Command Line Options

Option Description Default
-h Show help message and exit -
-s SOURCE_DIR Required. Source directory containing BIDS data -
-d DEST_DIR Required. Destination directory for DataLad datasets -
-c CONFIG_FILE BIDS validator configuration file (JSON format) -
--skip_bids_validation Skip BIDS format validation false
--dry-run Show what would be done without executing false
--backup Create backup of destination before overwriting false
--parallel-hash Use parallel processing for hash calculation false
--force-empty Overwrite non-empty destination directory (DANGEROUS) false
--fasttrack Speed up conversion by skipping checksum validation false
--quick-hash Sample-based hash validation (faster, less thorough) false
--skip-hash-validation Skip hash validation entirely (fastest, least safe) false
--no-gzheader-check Skip GZIP header cleaning (headers may cause BIDS warnings) false
--non-interactive Run without interactive prompts (for remote/automated use) false
--update Reuse existing DataLad dataset and ingest new/changed subjects false
--cleanup DATASET_PATH Safely remove a DataLad dataset with proper cleanup -

📁 Directory Structure Requirements

Your source directory should follow BIDS structure:

your-study/
└── rawdata/           ← Point -s here (can be any name)
    ├── dataset_description.json
    ├── participants.tsv
    ├── sub-01/
    │   ├── anat/
    │   └── func/
    ├── sub-02/
    │   ├── anat/
    │   └── func/
    └── ...

Note: The source directory name doesn't have to be "rawdata" - it can be any name (e.g., "bids_data", "data", etc.).

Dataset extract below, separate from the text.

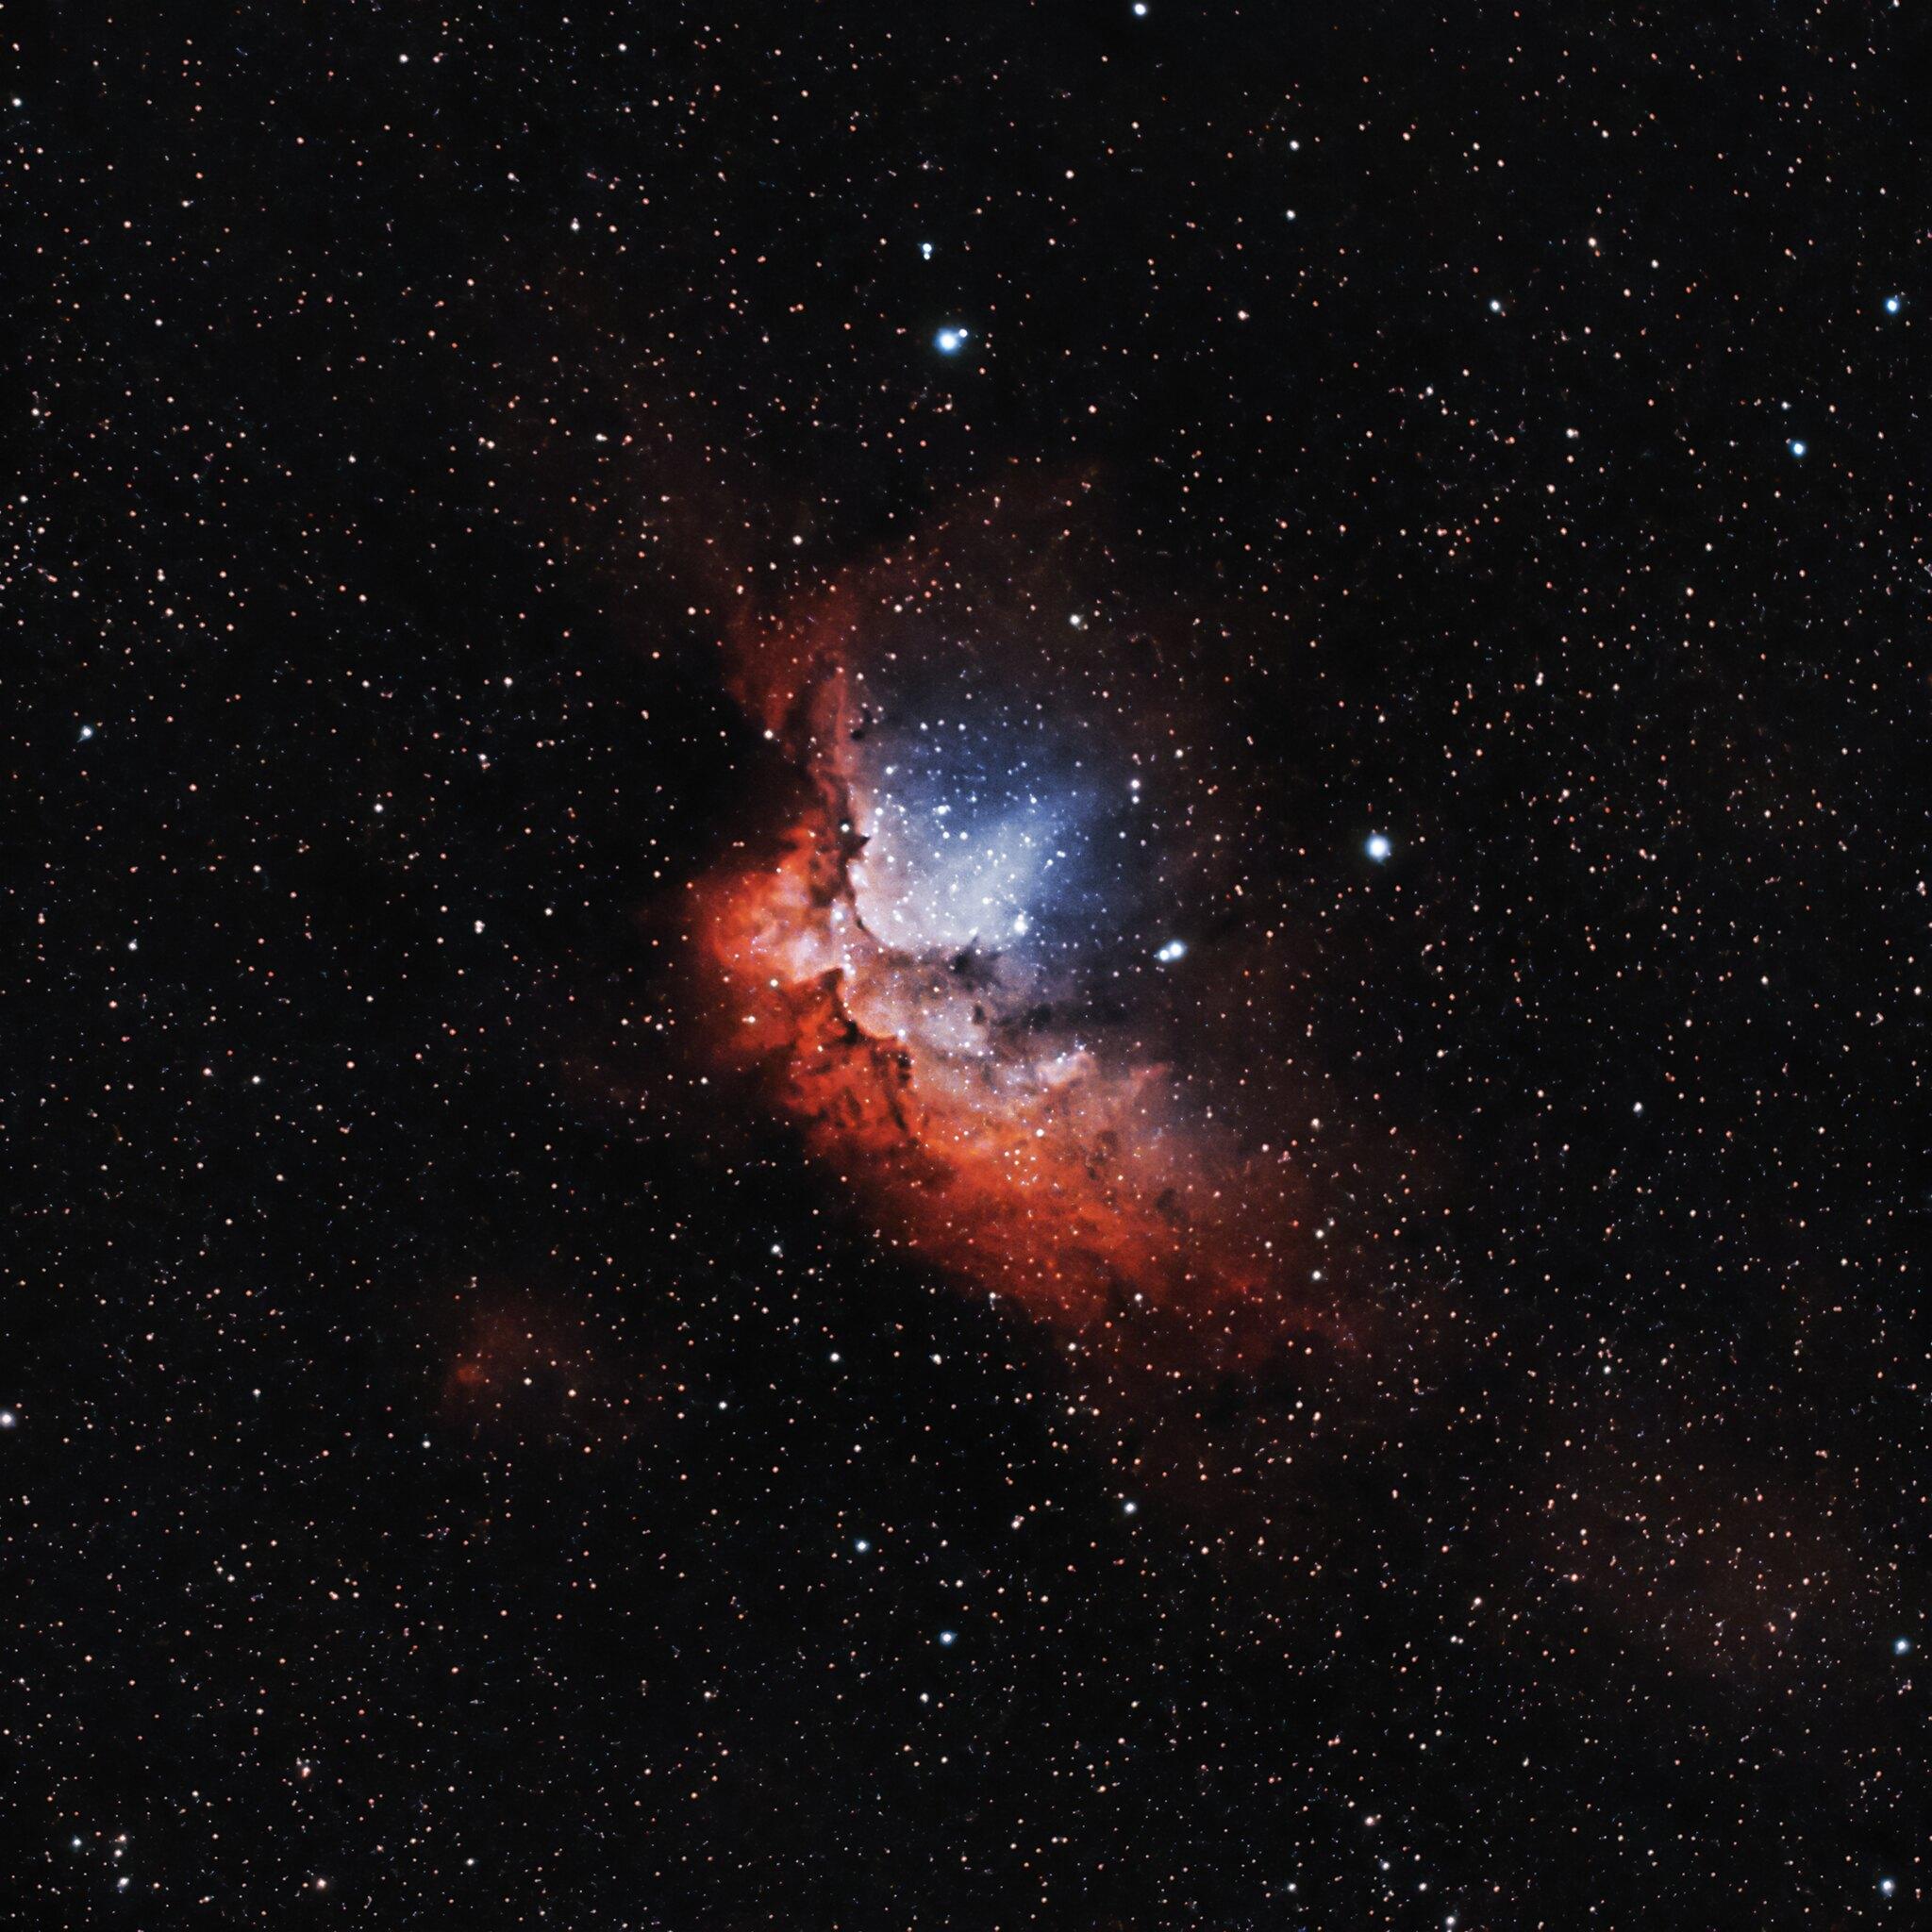 62879 скачать обои Космос, Звезды, Туманность, Вселенная, Галактика - заставки и картинки бесплатно

The script will preserve the original directory name in the DataLad structure.

📖 Examples

Basic Conversion

./prism2datalad.sh -s /data/my-study/rawdata -d /storage/datalad

Result: Creates /storage/datalad/my-study/rawdata/ with DataLad structure

BIDS Validator Configuration

./prism2datalad.sh -s /data/my-study/rawdata -d /storage/datalad -c /path/to/bids_config.json

Result: Use custom BIDS validator configuration to ignore specific warnings/errors

Example config file:

{
  "ignore": [
    {"code": "JSON_KEY_RECOMMENDED", "location": "/T1w.json"}
  ],
  "warning": [],
  "error": [{"code": "NO_AUTHORS"}]
}

Different Source Directory Names

./prism2datalad.sh -s /data/my-study/bids_data -d /storage/datalad

Result: Creates /storage/datalad/my-study/bids_data/ with DataLad structure

Safe Conversion with Backup

./prism2datalad.sh --backup -s /data/my-study/rawdata -d /storage/datalad

Result: Creates backup before conversion if destination exists

SSH Remote Access

# Copy from SSH remote source to local destination
./prism2datalad.sh -s user@server:/path/to/bids_data -d /local/destination

# Copy from local source to SSH remote destination  
./prism2datalad.sh -s /local/bids_data -d user@server:/path/to/destination

# Use quick hash validation for SSH (recommended for better performance)
./prism2datalad.sh --quick-hash -s user@server:/path/to/bids_data -d /local/destination

Result: Seamlessly copy from/to remote servers using rsync over SSH

Fast Conversion with Fasttrack Mode

./prism2datalad.sh --fasttrack -s /data/my-study/rawdata -d /storage/datalad

Result: Skips checksum validation for significantly faster processing (recommended for large datasets)

Fast Conversion with Parallel Processing

./prism2datalad.sh --parallel-hash -s /data/my-study/rawdata -d /storage/datalad

Result: Uses parallel hash calculation for faster verification

Ultimate Speed Conversion

./prism2datalad.sh --fasttrack --parallel-hash -s /data/my-study/rawdata -d /storage/datalad

Result: Combines fasttrack mode with parallel processing for maximum speed

Incremental Update (Add Newly Acquired Subjects)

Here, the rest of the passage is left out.